### INPUT DATA
_ _ _

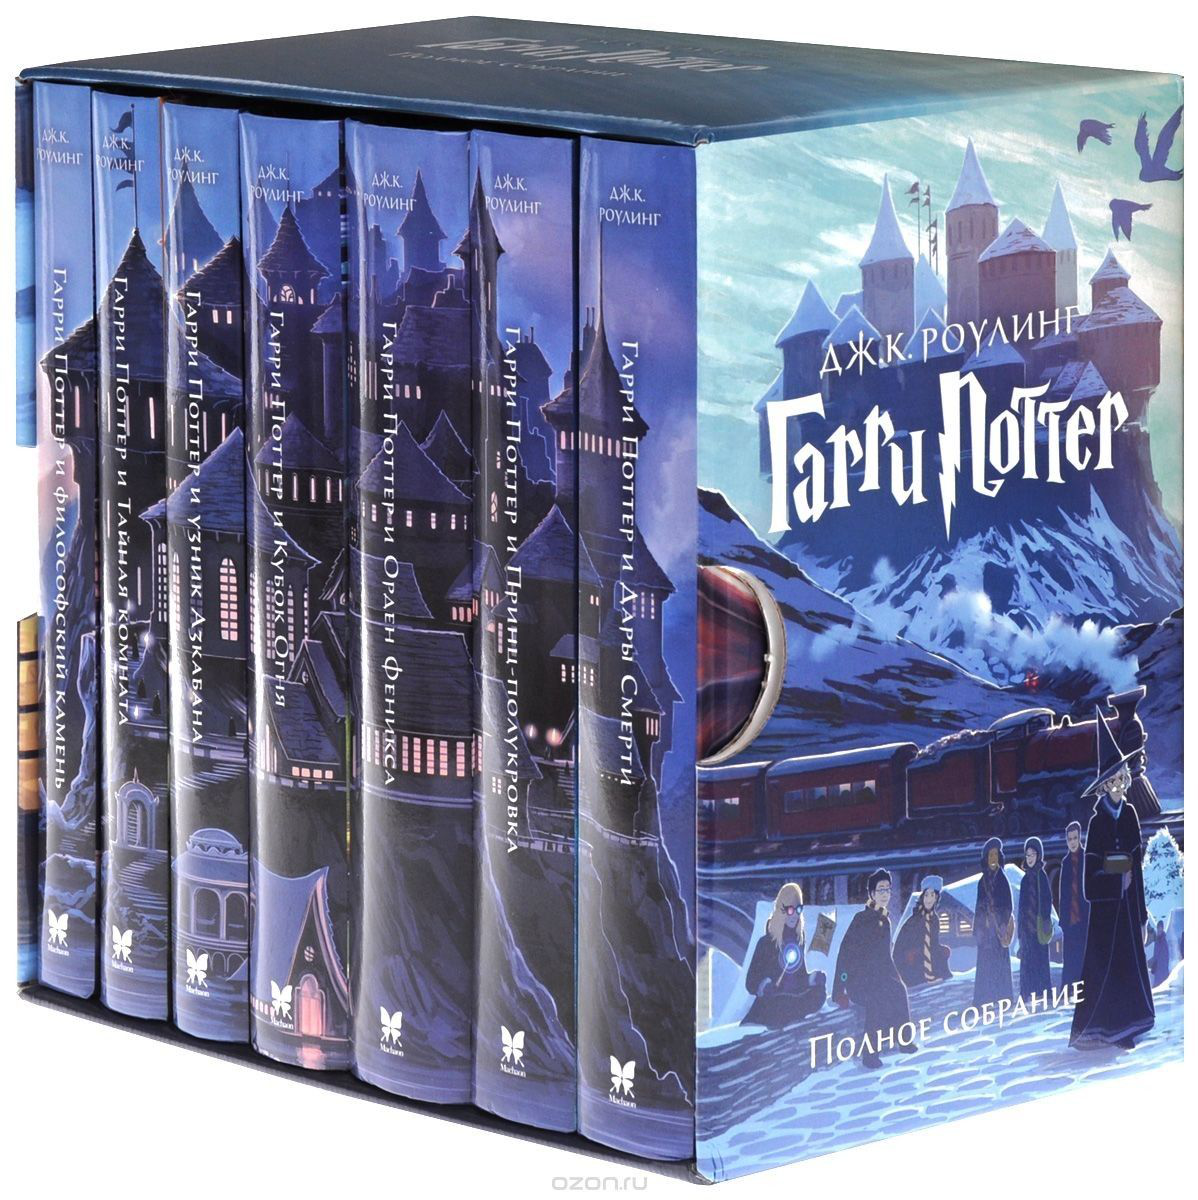 Найбільші продавці е-книг росії знімають з продажу історію про Гаррі Поттера
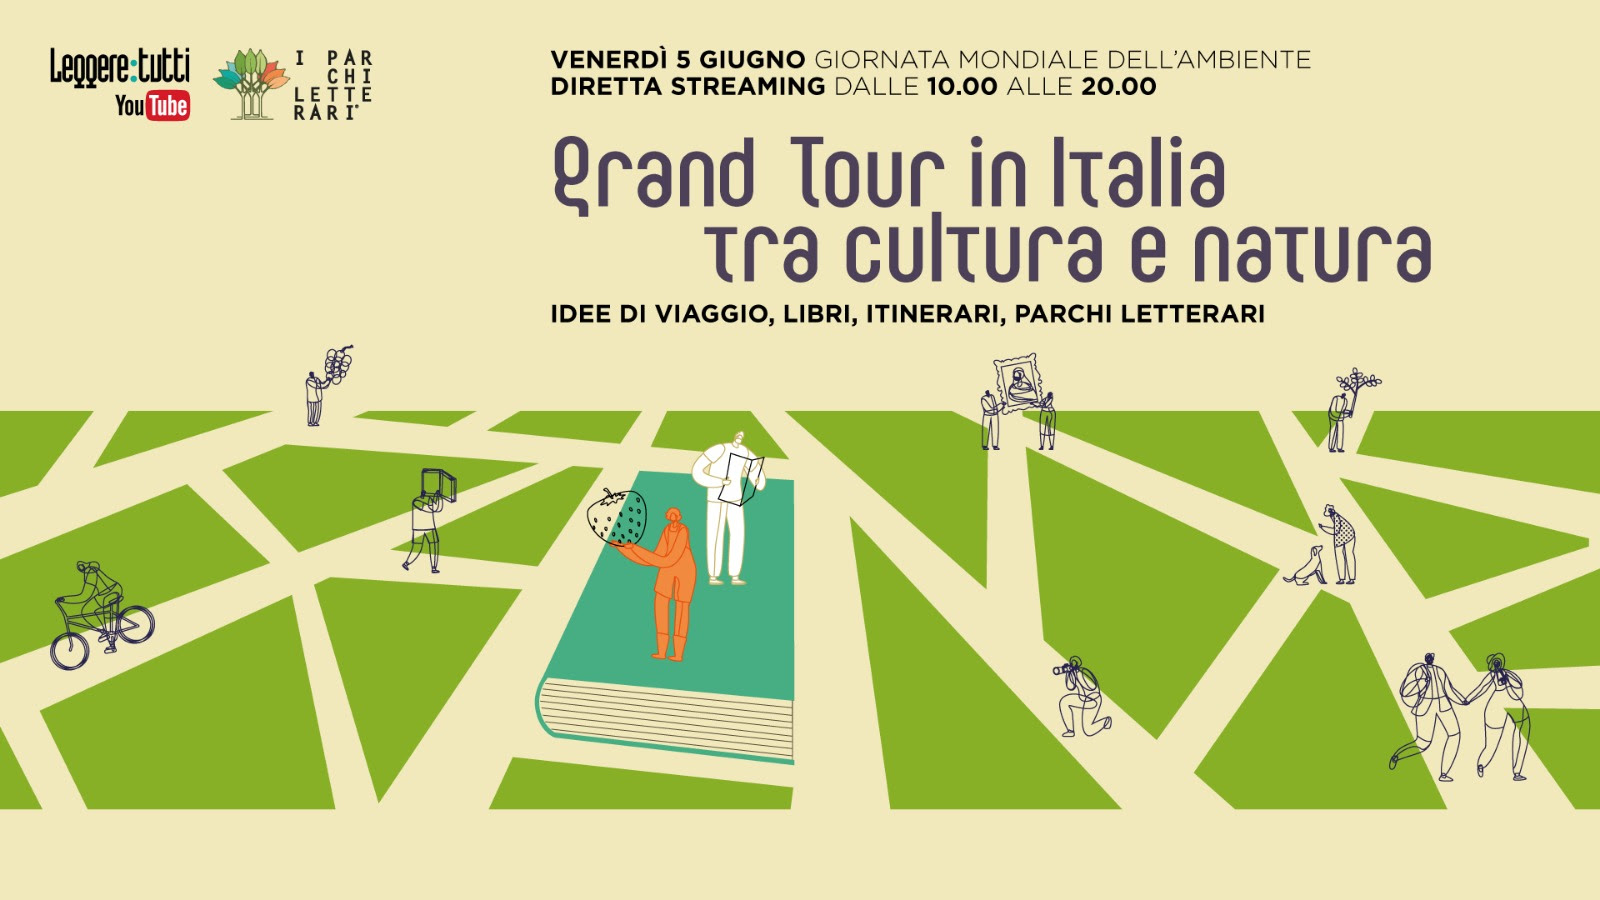 leggere:tutti la locandina dell'evento Grand tour in Italia tra cultura e natura
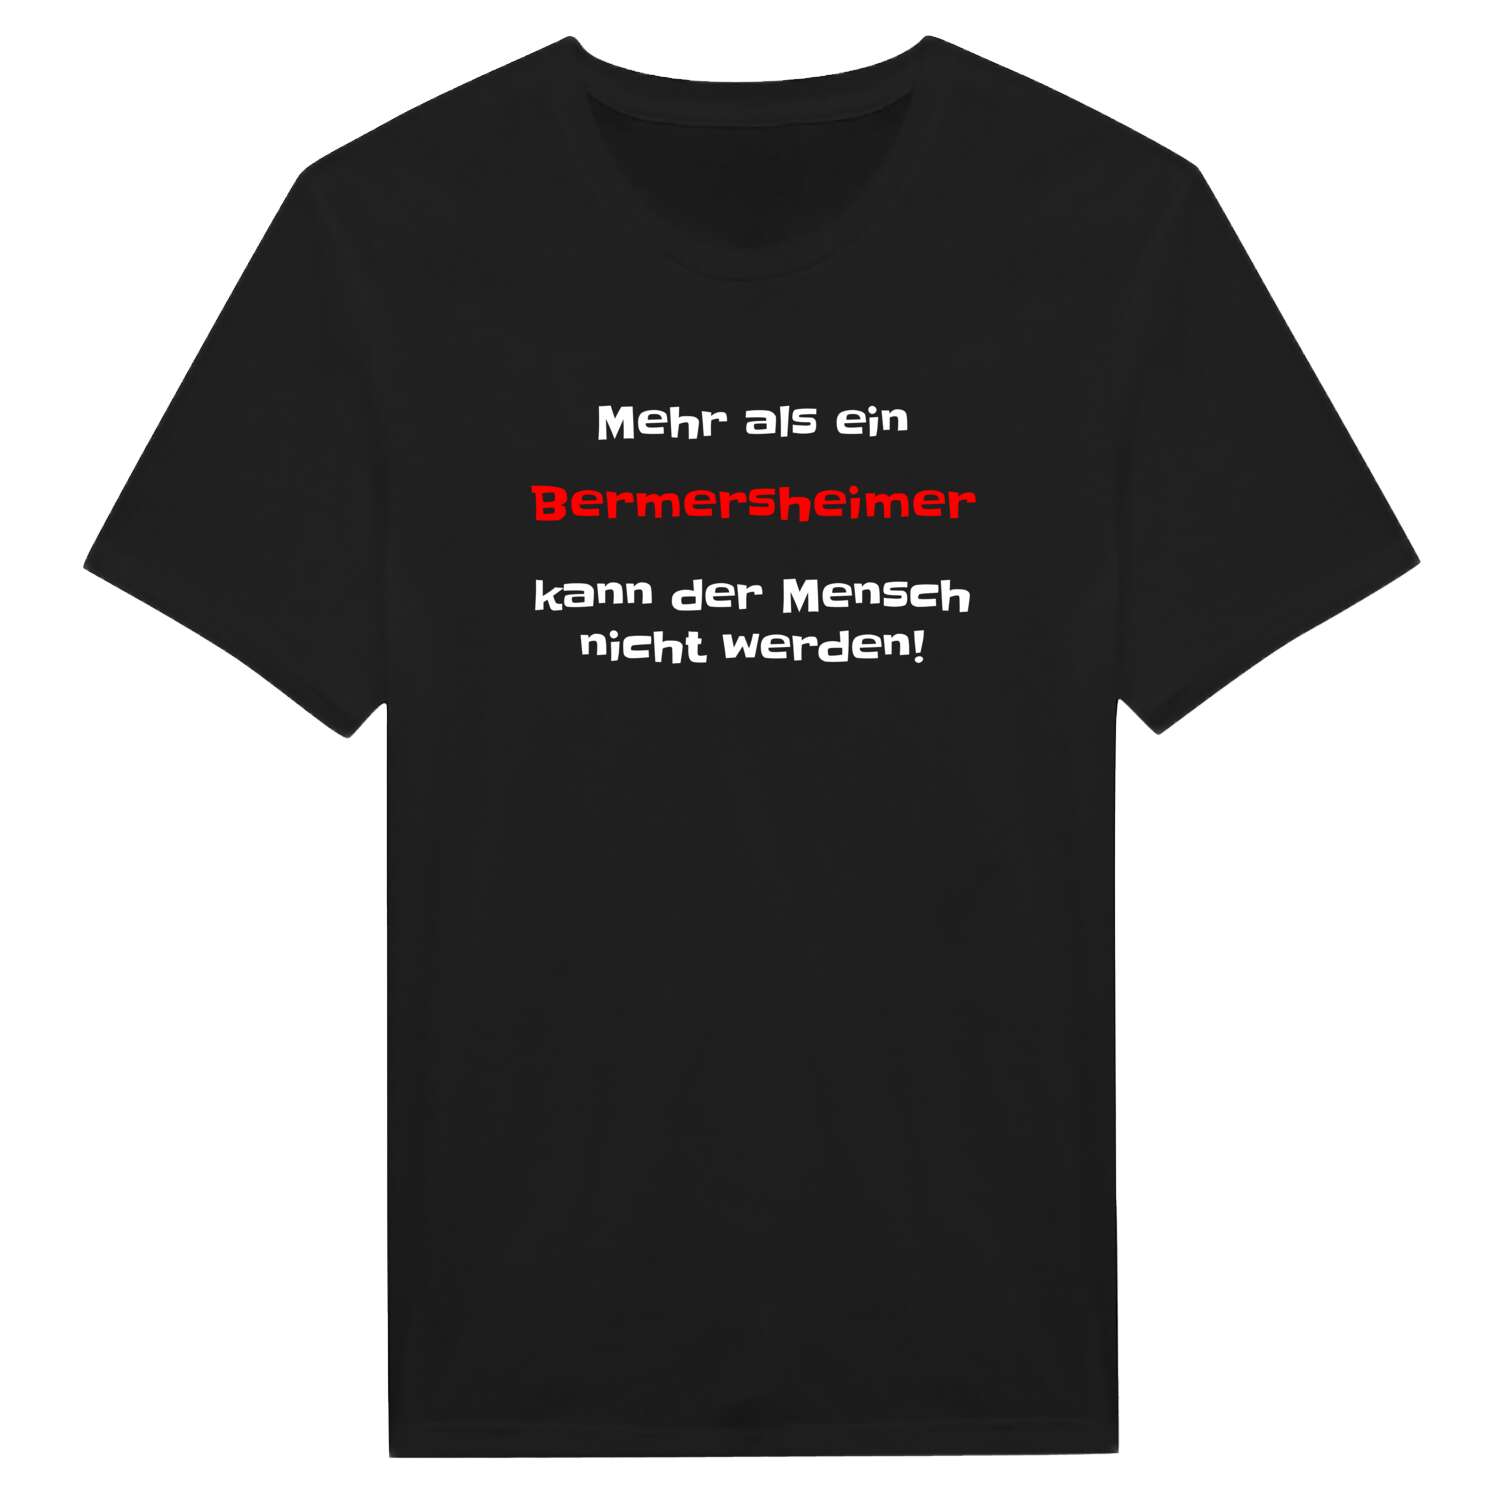 Bermersheim T-Shirt »Mehr als ein«

_ _ _

Exactly as given, transcribe every line of the data, but not its images.

### ANSWER AREA
 Найбільші продавці е-книг росії знімають з продажу історію про Гаррі Поттера
 leggere:tutti la locandina dell'evento Grand tour in Italia tra cultura e natura
 Bermersheim T-Shirt »Mehr als ein«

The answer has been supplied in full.